FIG. 8. Base editing using Cas12f1 ABEs. (A) Schematics of AsCas12f1 CBE constructs. (B) Protospacers used as targets for tested C to T base editing. (C) Merged C to T editing data obtained from C1, C2 and C3 motif after 72 hours. Numbers indicate % of population that contains C to T editing at the given nucleotide position. A C is always present in position four in all three C motif plasmids, thereby the highest value of base editing was taken to represent position 4. (D) Merged C to T editing data obtained d from A1, A2 and A3 motifs after 72 hours. Numbers indicate % of population that contains C to T editing at the given nucleotide position. (E) Merged G to A editing data obtained from A1, A2 and A3 motifs after 72 hours. Numbers indicate % of population that contains G to A editing at the given nucleotide position.

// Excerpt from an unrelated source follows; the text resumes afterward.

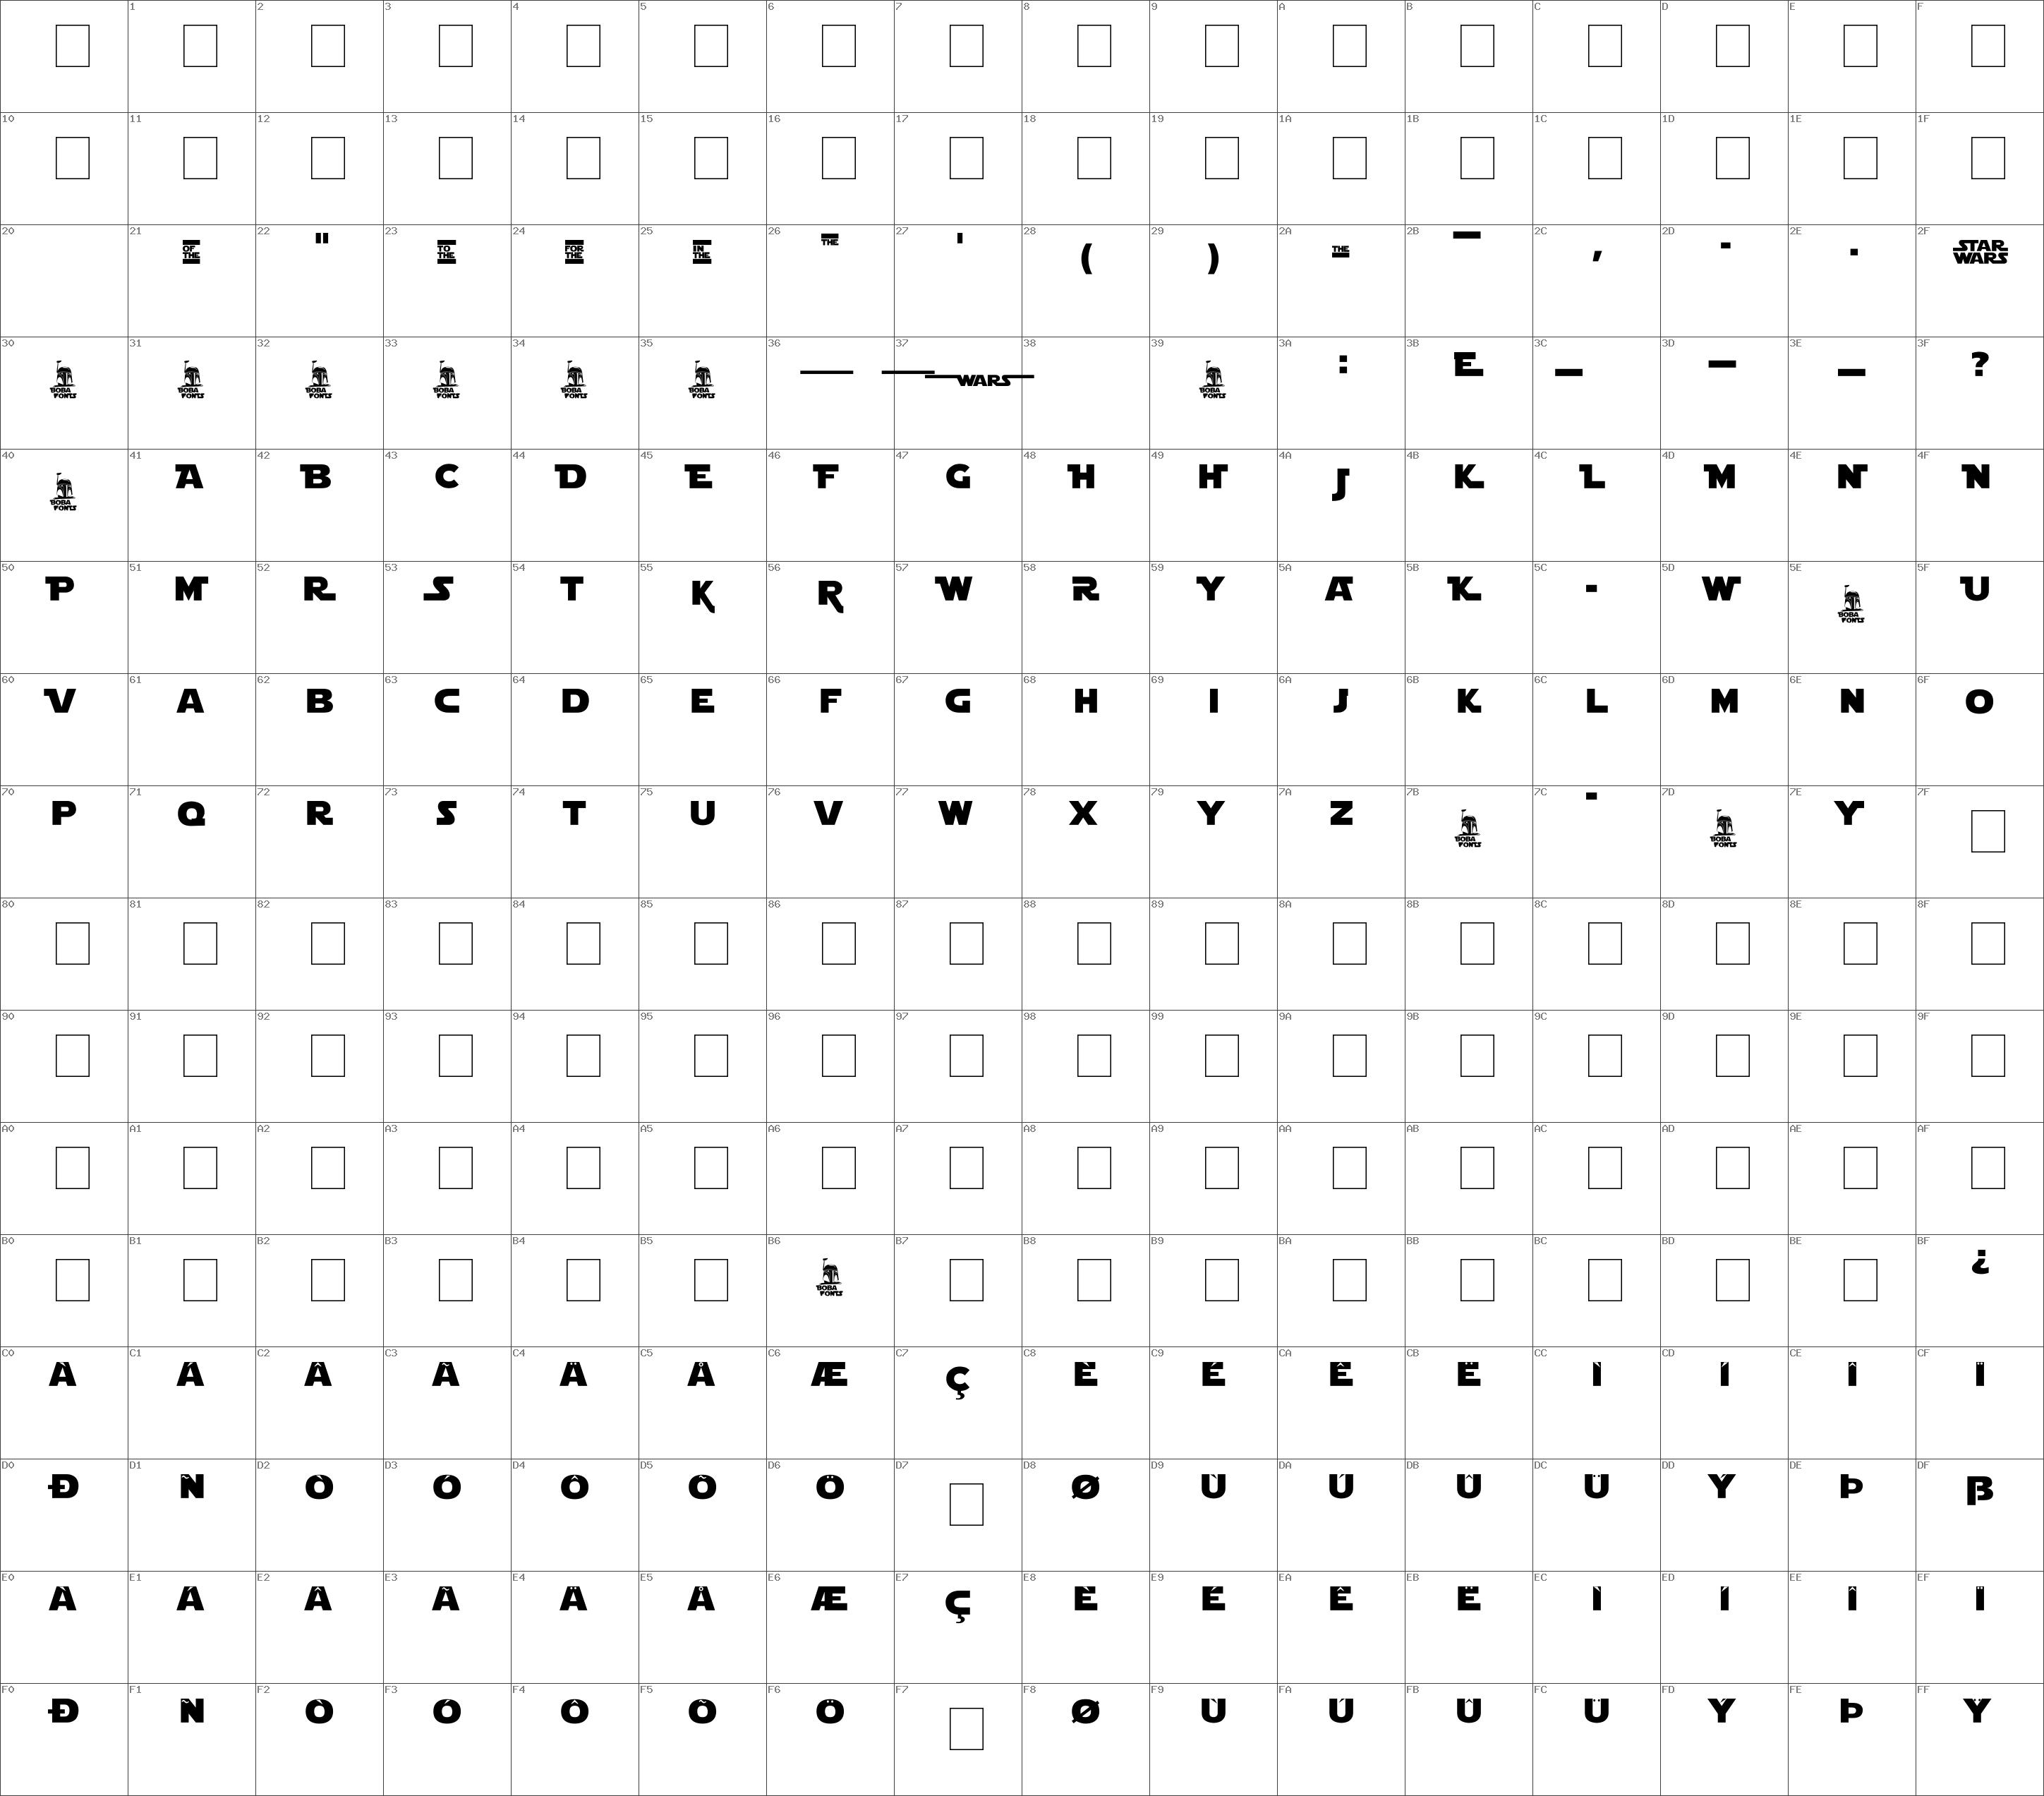 star-jedi-logo-doubleline2-regular-12790
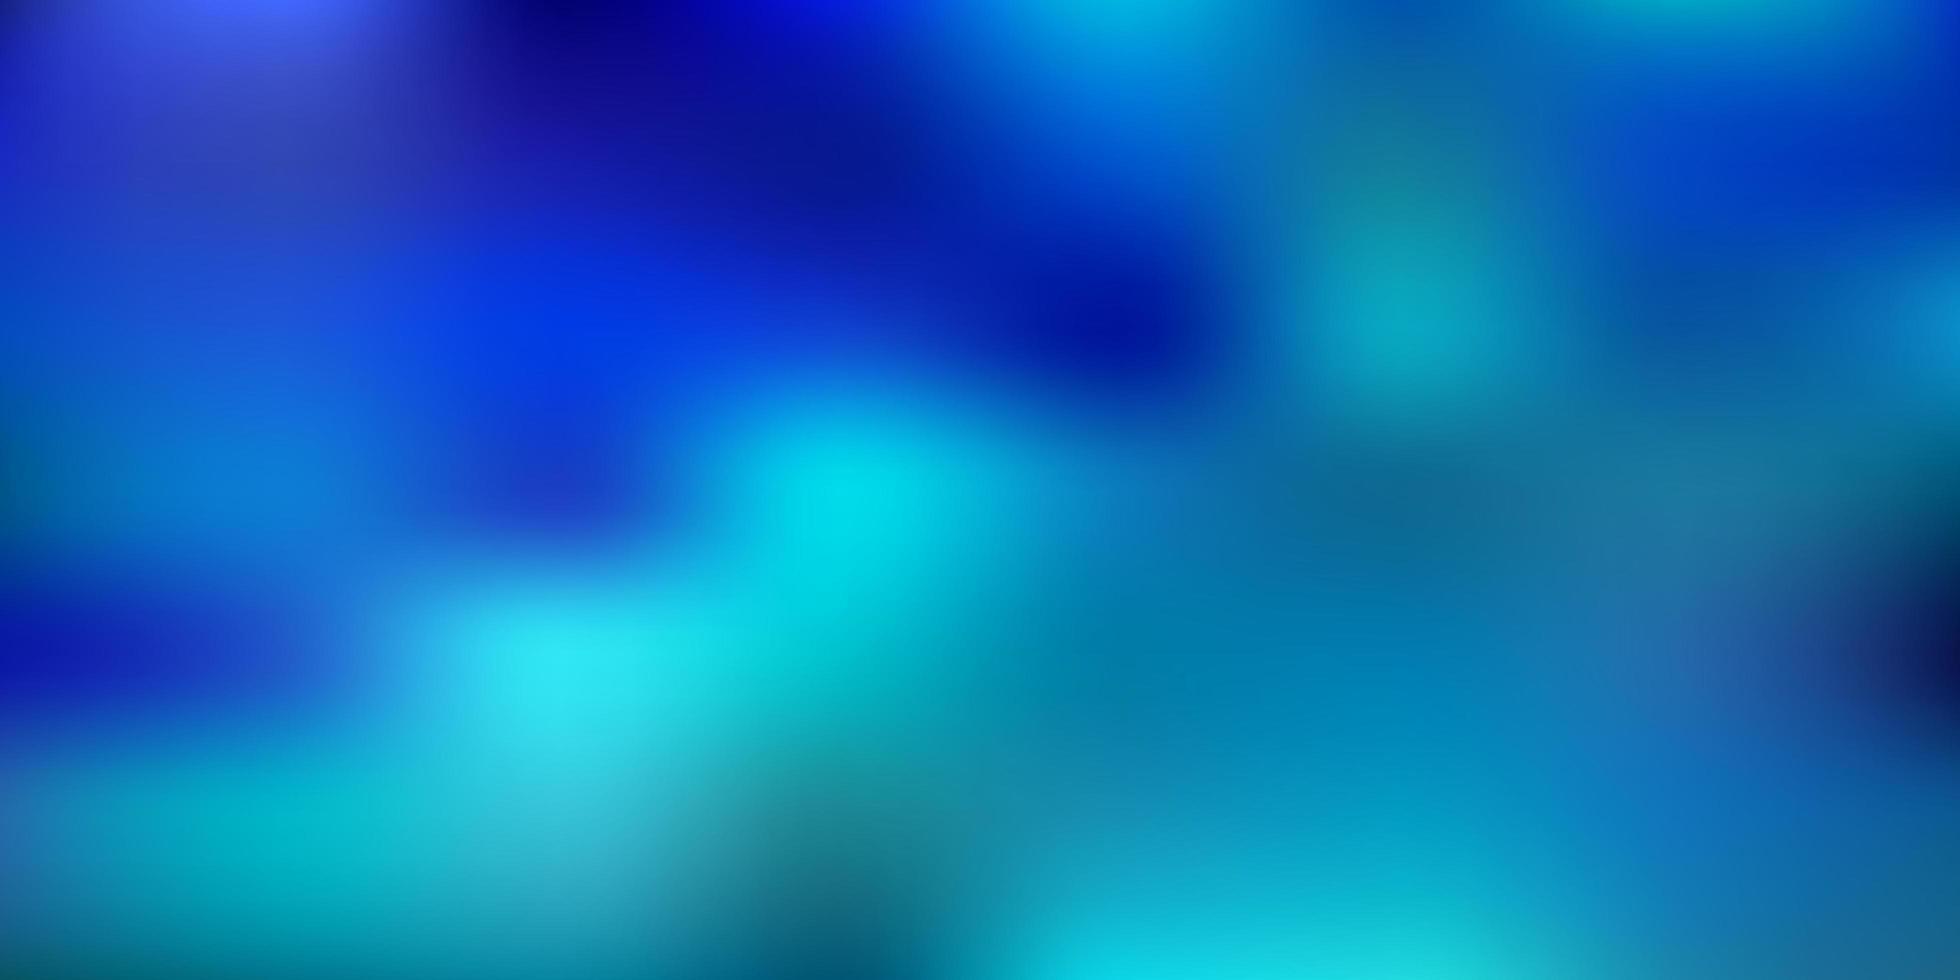 plantilla de desenfoque de vector azul claro.

FIG. 9. Cas12f1 CBEs targeting DUX4. Three protospacers were tested targeting a 5′-ATTA or 5′-TTTA PAM. Numbers indicate % of population that contains C to T editing at the given nucleotide position.

FIG. 10. Amino acid sequences of C to T editing constructs. Indicated are the amino acid sequences of Cas12f1 CBE1 and Cas12f1 CBE2. Cas12f1 amino acid sequences are indicated as simple text, linker sequences are underlined, cytidine deaminase amino acid sequences of APOBEC (Cas12f1 CBE1) and CDA (Cas12f1 CBE2) are in bold and italics; uracil glycosylase inhibitor (UGI) amino acid sequences are in bold, and nuclear localization sequences are in italics.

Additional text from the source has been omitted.